When asked about her company's approach to database segmentation, a Market Research Manager was emphatic in her response:

I'm not a fan of behavior-based segmentation. I don't want to say it's a waste of time, but I think people waste a lot of time on it. I think it really makes for good bed-time reading, but there's not a whole lot you can do to action it. You can't just put a label on someone, append it to their database record, and assume they'll always behave a certain way.

Considering her company had a data-rich transaction database of over one million customers, it was a perplexing comment. And she was not alone in her opinion--even the various product managers at the company viewed the database as simply a convenient list of names to target. According to them, the database was made up of prospective buyers, not customers with a need for multiple products. No one even could even guess the average cross-sell ratio – because no one had ever cared to know.
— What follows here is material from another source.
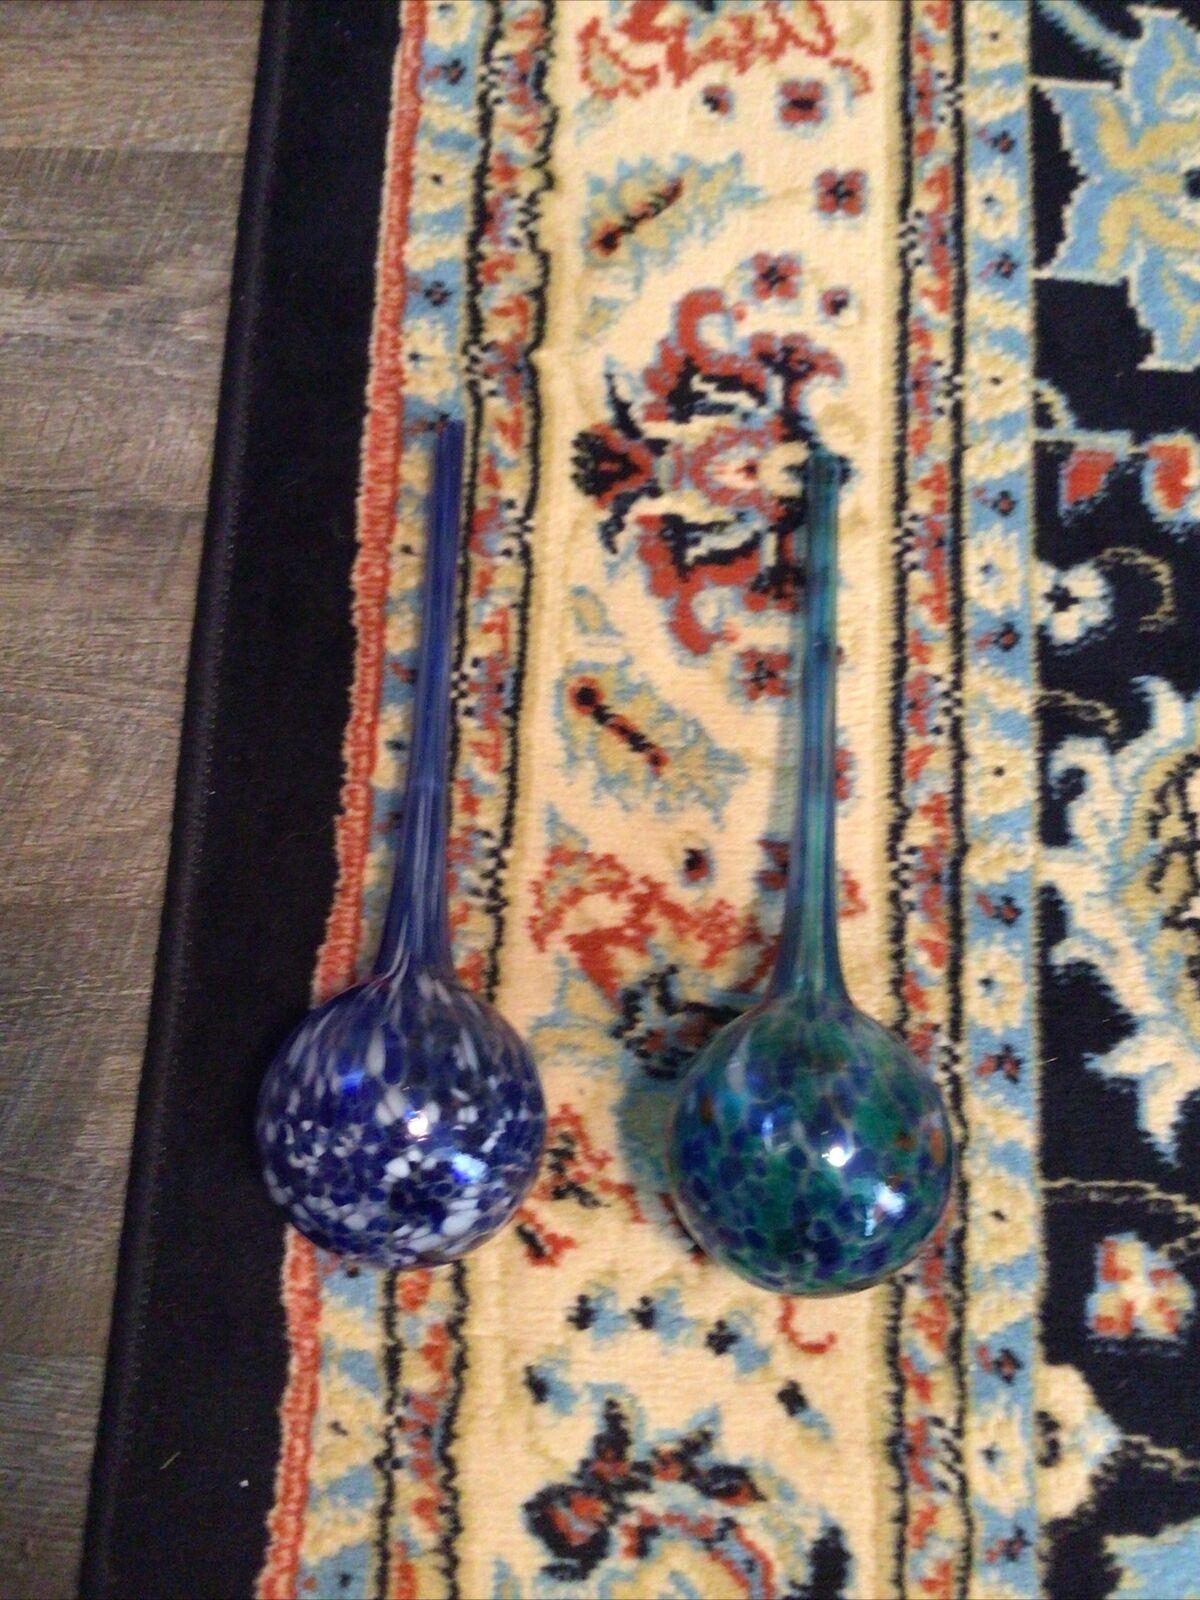 Pair of Glass Watering Bulbs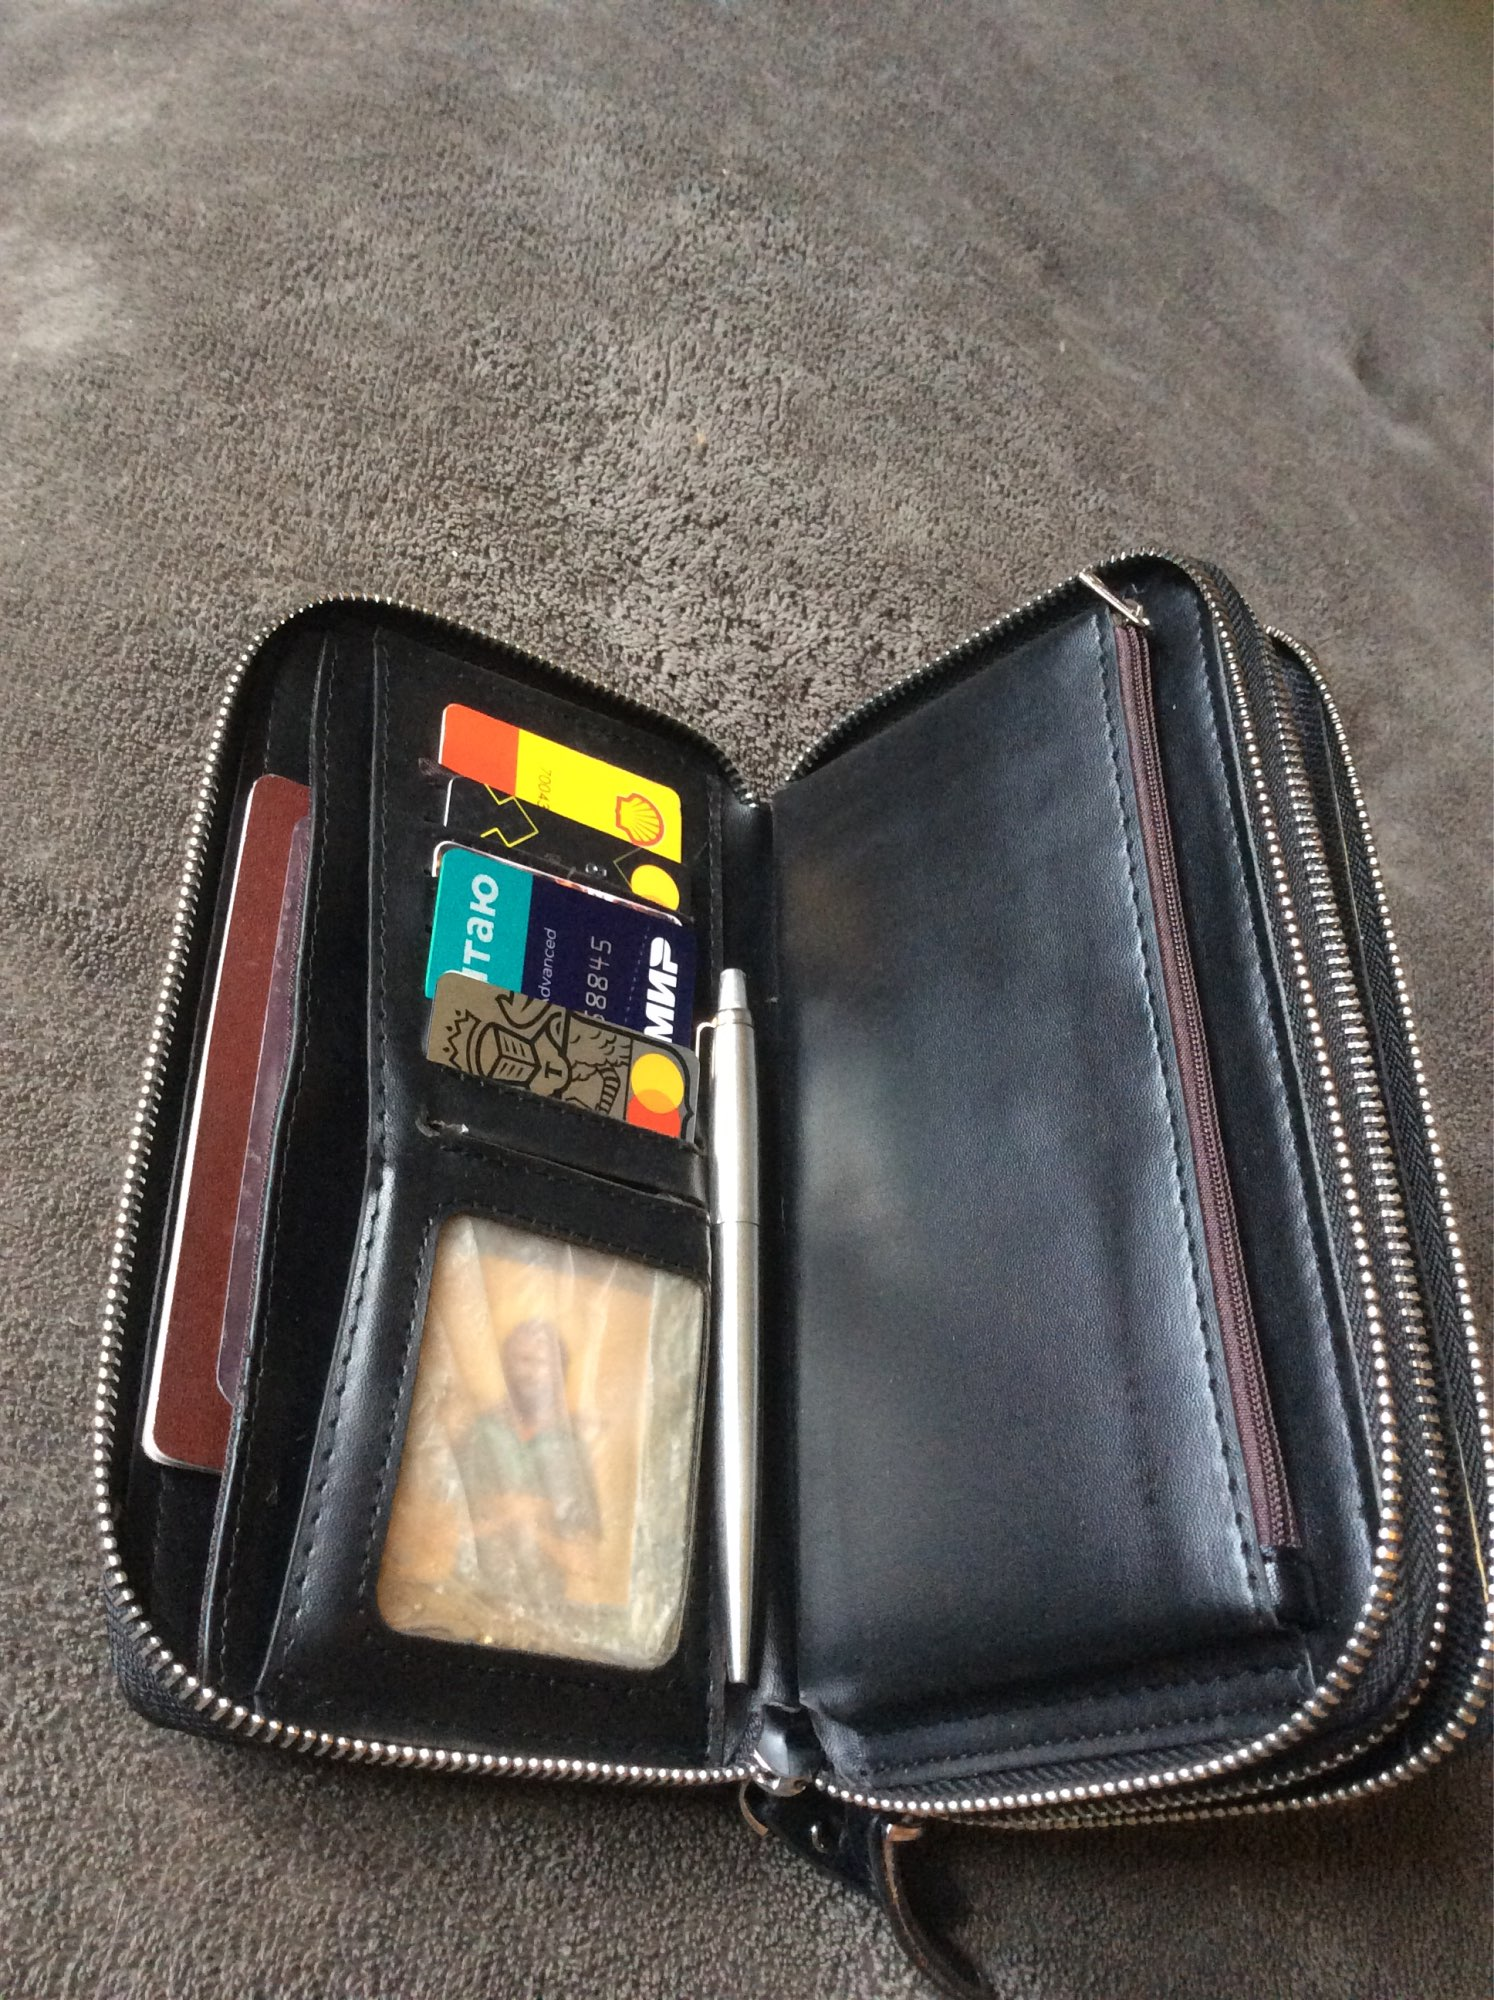 Men Wallets with Coin Pocket Long Zipper Coin Purse for Men Business Male Wallet Double Zipper Vintage Large Wallet Purse|wallet with|large walletwallet with coin pocket - AliExpress

Segmentation is supposed to be the cornerstone of CRM. By grouping customers into discrete sub-groups based on how different (or similar) they are in their characteristics and behavior--or so the theory goes--new products and offers can be dreamed up that will appeal to their distinct needs. In practice, most companies simply partition their customer bases into target groups for direct marketing purposes. A segment, in that narrow context, is merely a group of customers with a strong likelihood to purchase.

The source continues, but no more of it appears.